### Goal of the exercise
Each line below must be reproduced exactly as it stands. Pictures stay out of the copy.

### Provided data
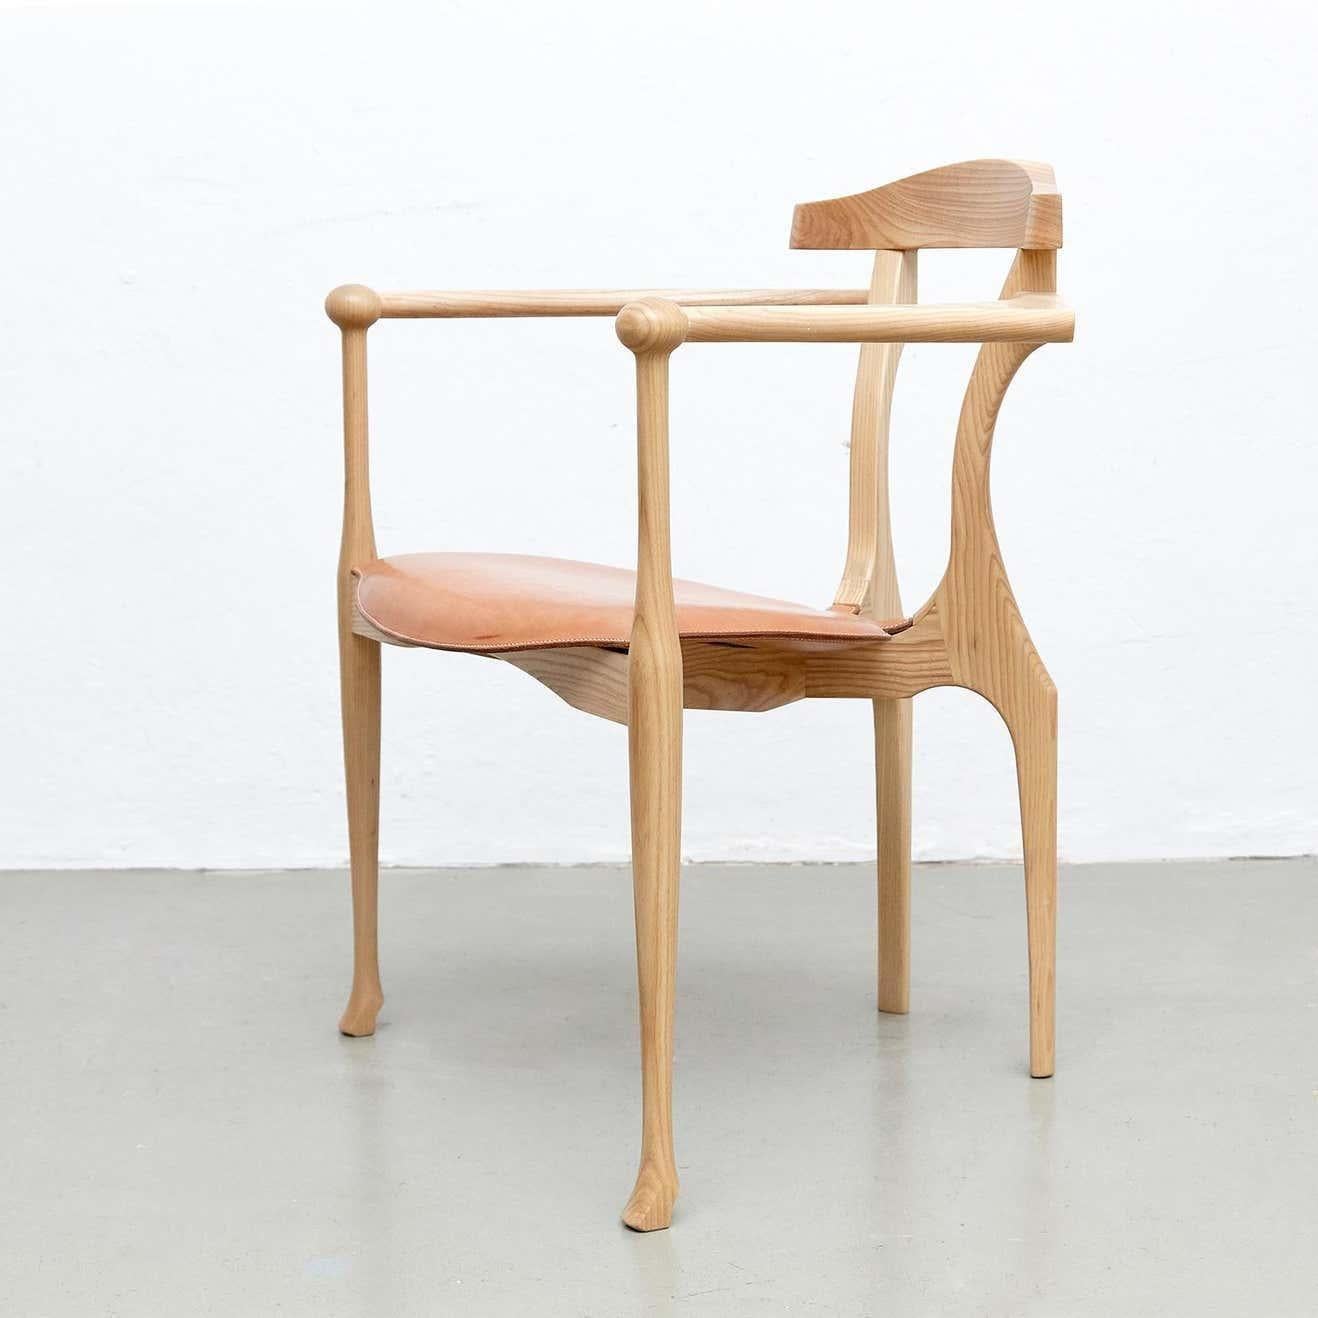 Prototyp des Sessels Gaulino, entworfen von Oscar Tusquets, hergestellt von BD barcelona design, ca. 2010.

Struktur und Rückenlehne aus Holz, Sitz mit Lederbezug.

In gutem Originalzustand mit geringen alters- und gebrauchsbedingten
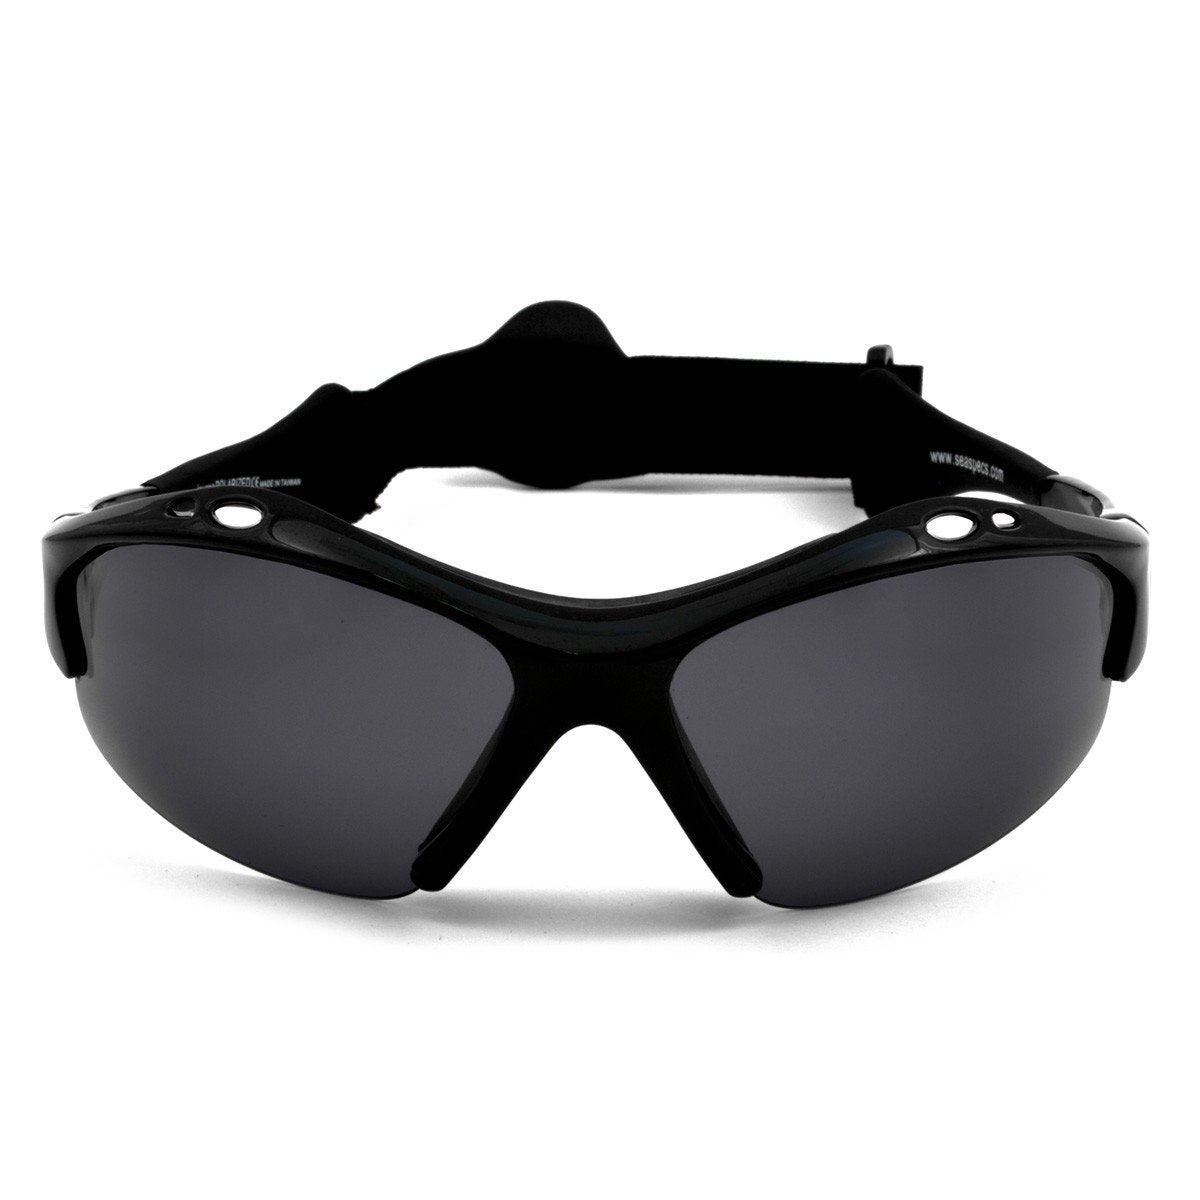 SeaSpecs Iguana Sunglasses, Black
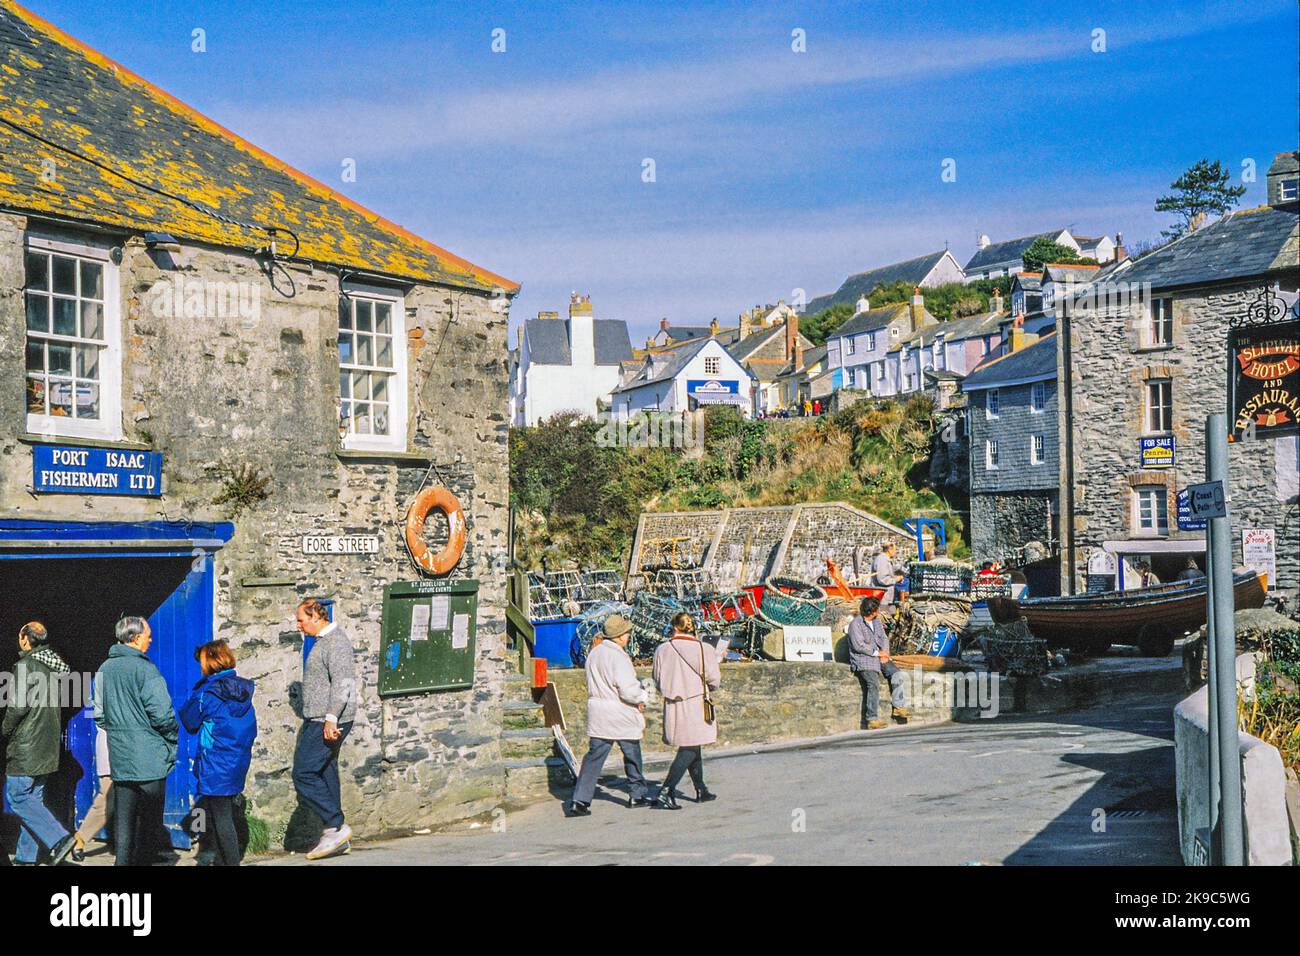 Port Issac Harbour 80, Cornovaglia, Inghilterra, Regno Unito periodo fotografia industria della pesca Foto Stock
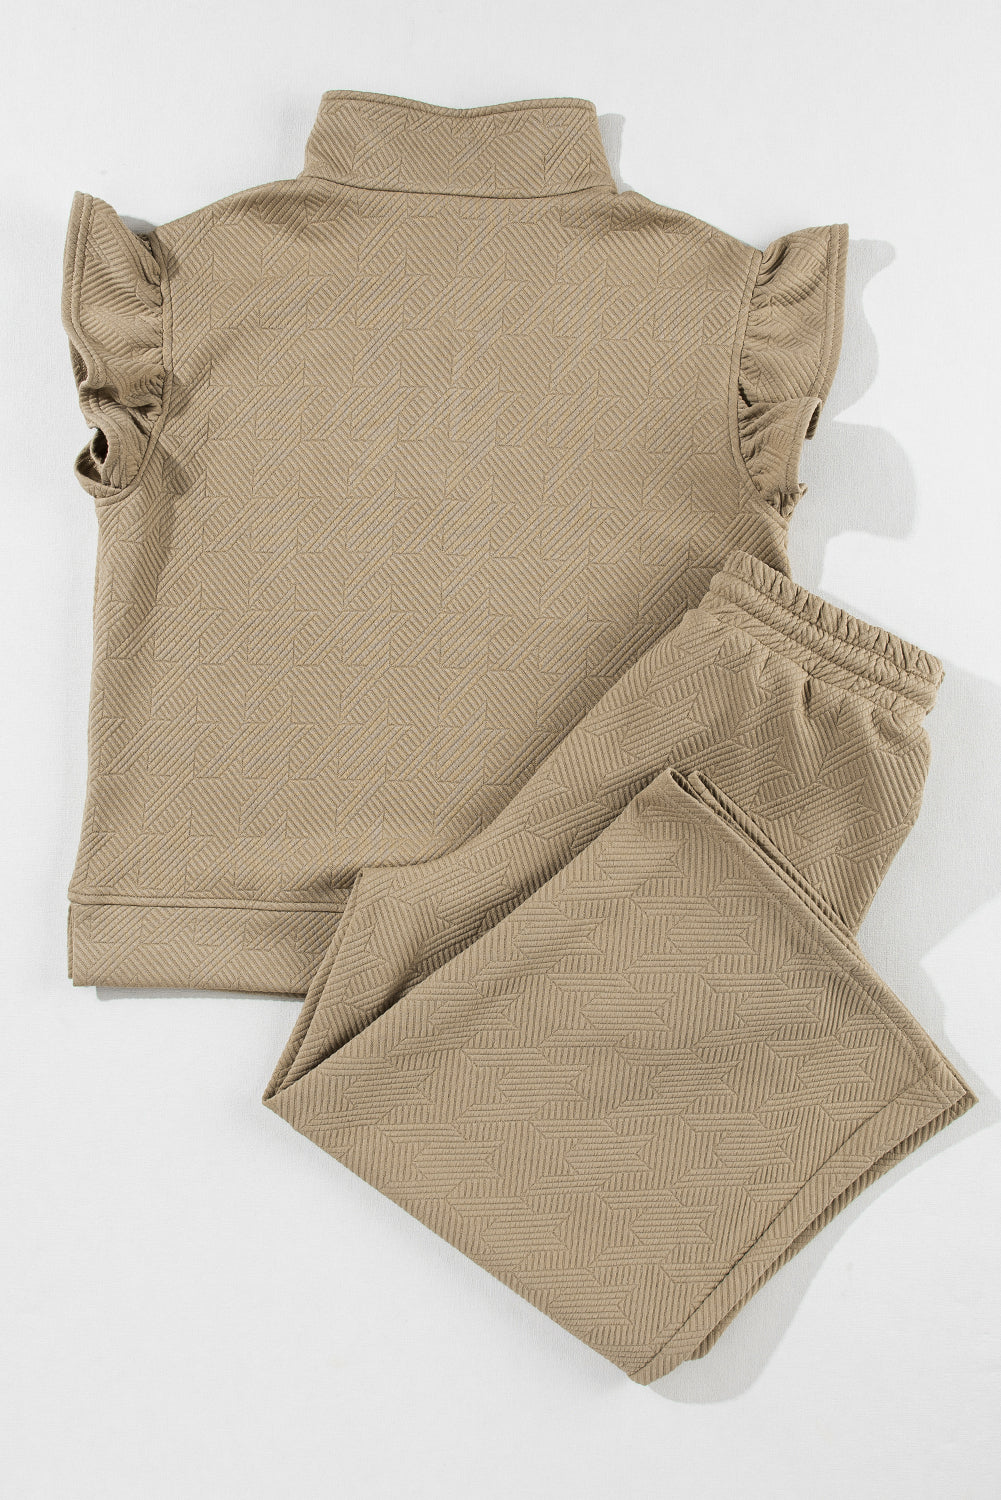 Conjunto de pantalones anchos con top con mangas acampanadas y textura de color caqui pálido

### Solution for this task
 Prototyp des Sessels Gaulino, entworfen von Oscar Tusquets, hergestellt von BD barcelona design, ca. 2010.

Struktur und Rückenlehne aus Holz, Sitz mit Lederbezug.

In gutem Originalzustand mit geringen alters- und gebrauchsbedingten
 SeaSpecs Iguana Sunglasses, Black
 Port Issac Harbour 80, Cornovaglia, Inghilterra, Regno Unito periodo fotografia industria della pesca Foto Stock
 Conjunto de pantalones anchos con top con mangas acampanadas y textura de color caqui pálido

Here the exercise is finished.